Gold, silver and precious metal stocks: Futures and options
For short-term speculative bets, you can try investing in precious metals by buying for example gold futures or silver options contracts. These types of investments can give you a chance to control a large position in precious metals for a relatively small investment. On the other hand, the chance of losing your entire investment is high, making them a risky investment option.
Futures
A futures contract is a financial agreement to buy or sell a specified amount of commodity at an agreed date and at a price set at the time the contract is established. Precious metals stocks are traded in future exchanges worldwide.
People investing in gold futures are most commonly speculators taking risks on the rise and fall of the price of gold. They buy gold futures when they anticipate the rise of the gold spot price and they sell when it is expected to fall.
This investment method doesn?t require owning or taking delivery of physical hold. They just receive or pay the difference in cash on delivery date. The profit potential can be very high, as well as the risk of losing your investment associated with such profit possibilities. For example, the investor can control 100.000$ worth of gold by paying only 5.000$.

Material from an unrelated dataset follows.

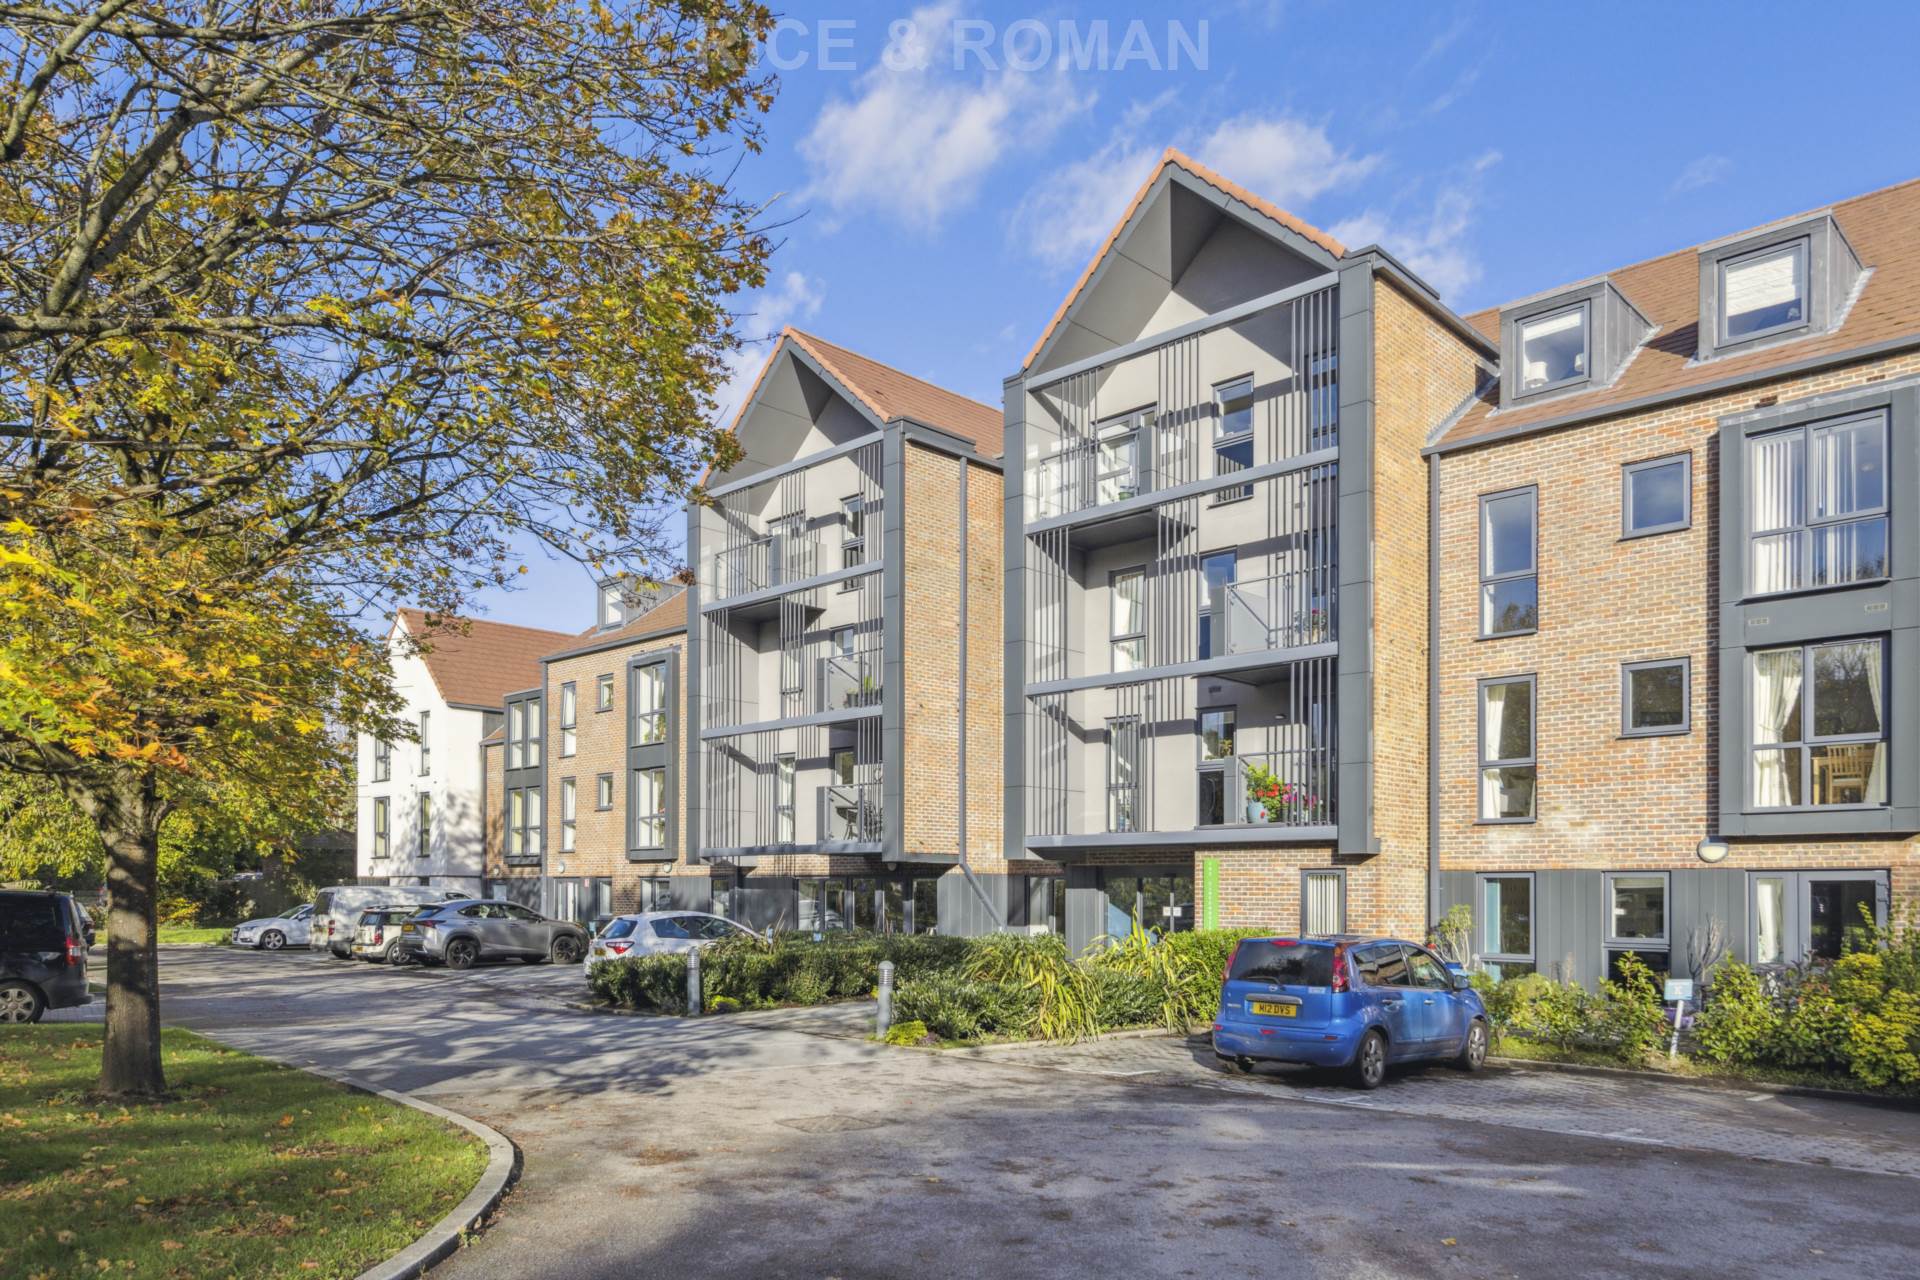 1 bed Retirement for rent in Guildford. From Rice & Roman

New investors seeking to enter the precious metals market are recommended to stick to less risky means like buying precious metals ETFs or physical bullion coins and bars.
If you would like to buy/sell gold, silver or any precious metal futures contract, you need must open a trading account with a company that handles futures trades.
Options
An option contract is like a futures contract a financial agreement to buy or sell a specified amount of commodity at an agreed date and a fixed price set at the time the contract is established. Silver options provide the ability to gain big profits just like silver futures.
Unlike futures contract, the right to buy or sell can be exercised anytime before the option expires; The option holder can choose not to buy or sell if the precious metals price moves against him during the option?s lifetime.
Another aspect of silver options is that unlike silver coins or ETFs that only gain value when the gold price goes up, you can make profit when the spot price goes down by buying silver put options which allow you to bet against the spot price.
This can also be very useful if you own physical metals and you want to protect your investment when the spot price goes down by buying some put options.
For their big leverage potential, but with big leverage possibility comes an increased risk of losing your investment. They have many hidden costs and extreme market volatility.
I would say that precious metals stock futures and options are not for the unexperimented investor in general.